Given information
━━━

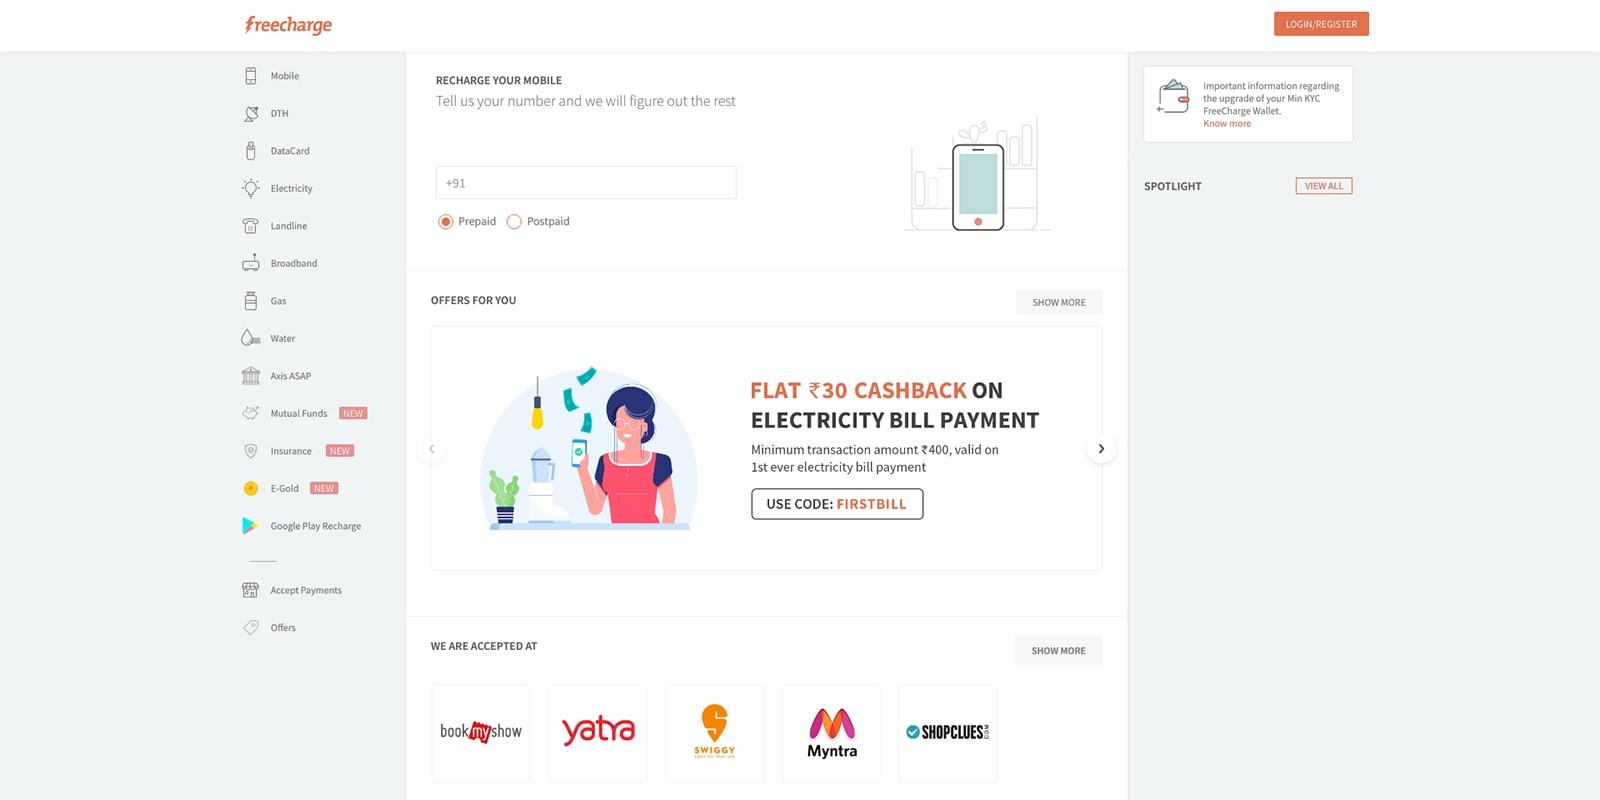 Freecharge Go Mastercard
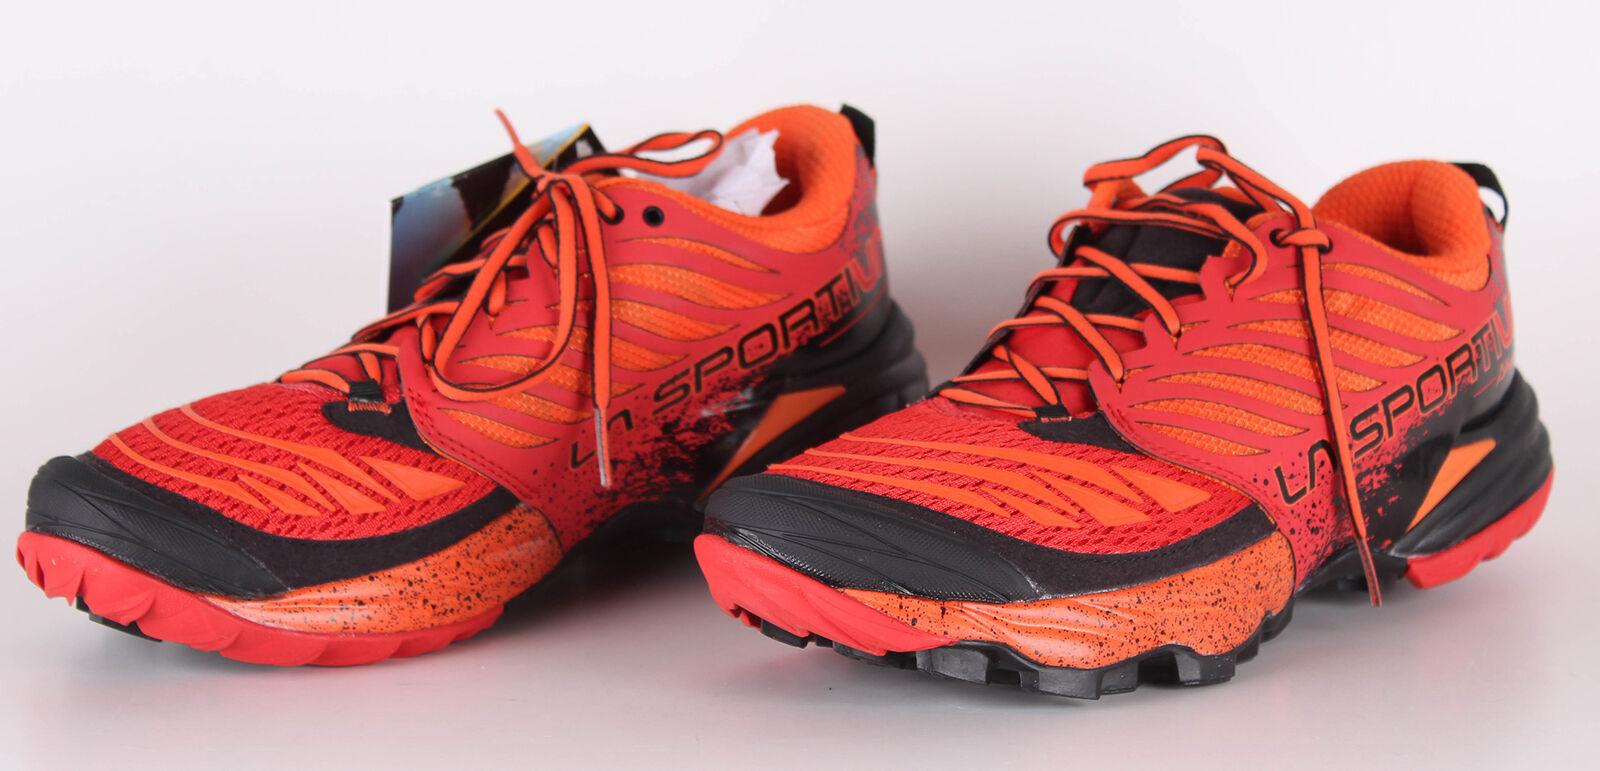 La Sportiva Akasha Herren Sneakers Trailschuhe Laufschuhe Rot (Flame), 41.5
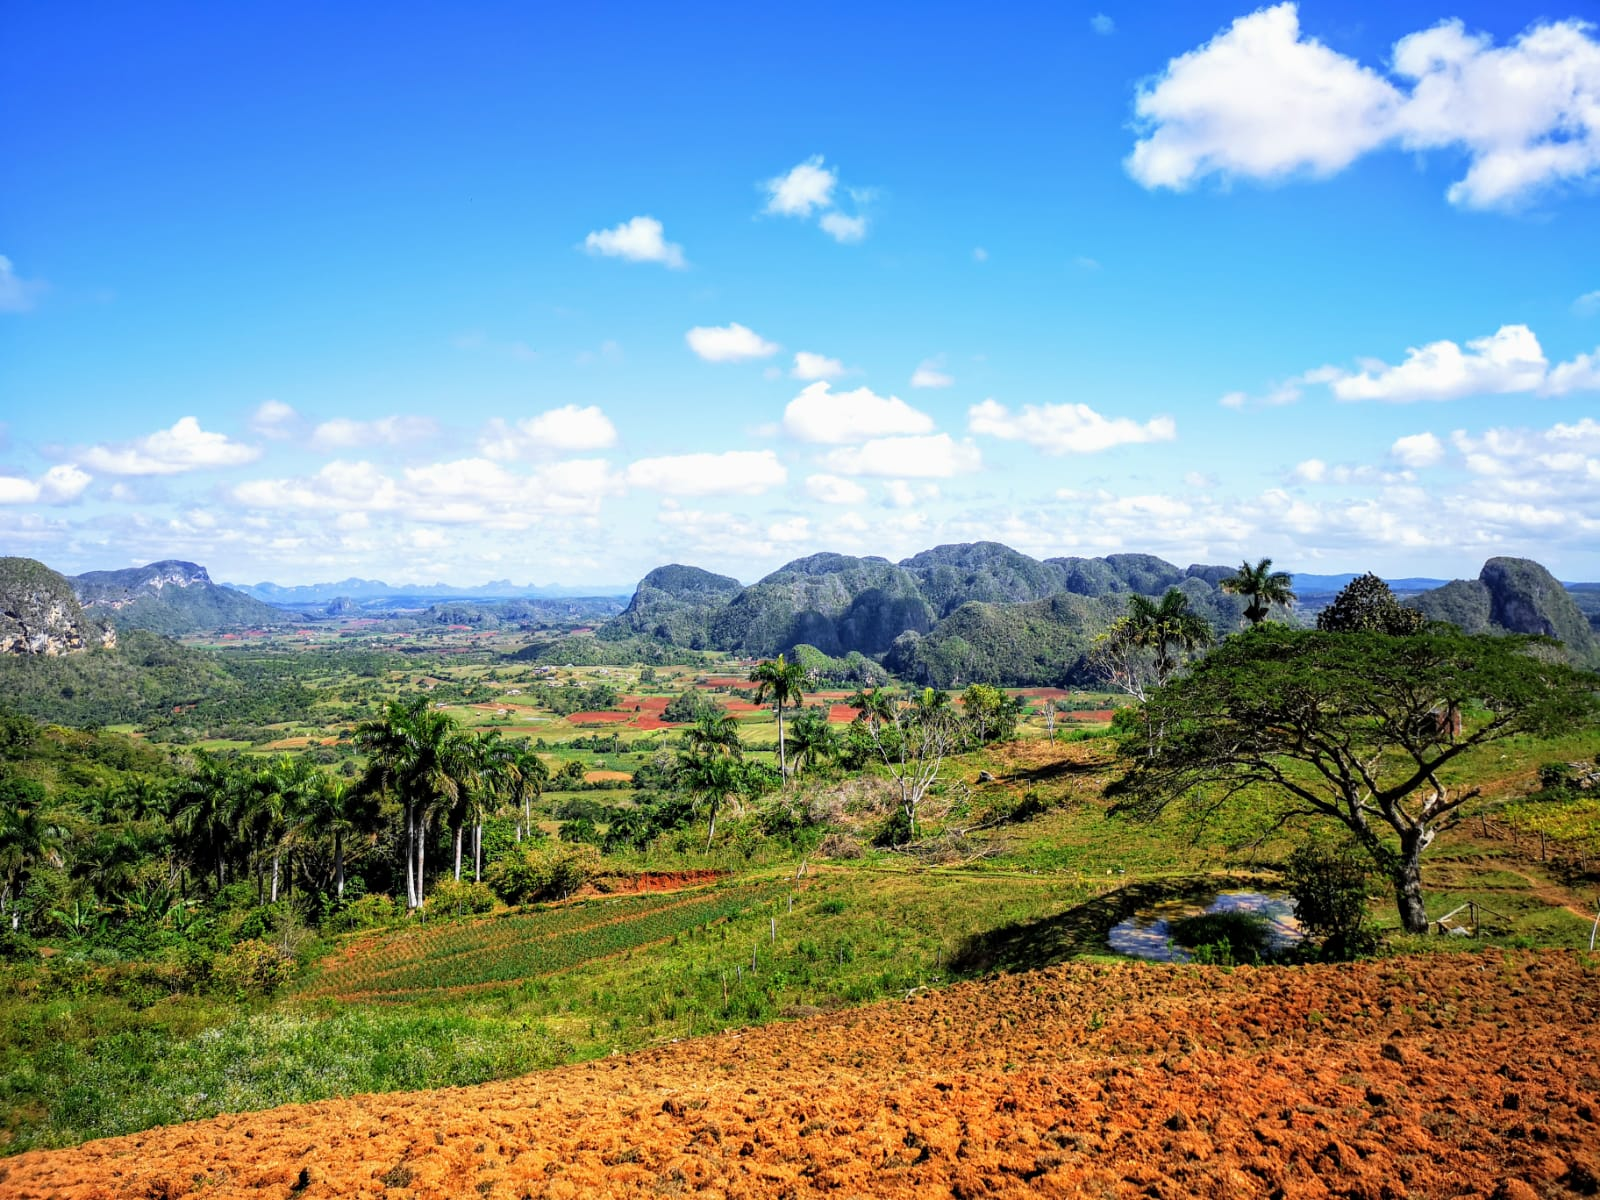 tourameo-reiseplanung-reiseziel-kuba-vinales-landschaft

━━━

Once the images are dropped, set down the remaining material word for word.

 Freecharge Go Mastercard
 La Sportiva Akasha Herren Sneakers Trailschuhe Laufschuhe Rot (Flame), 41.5
 tourameo-reiseplanung-reiseziel-kuba-vinales-landschaft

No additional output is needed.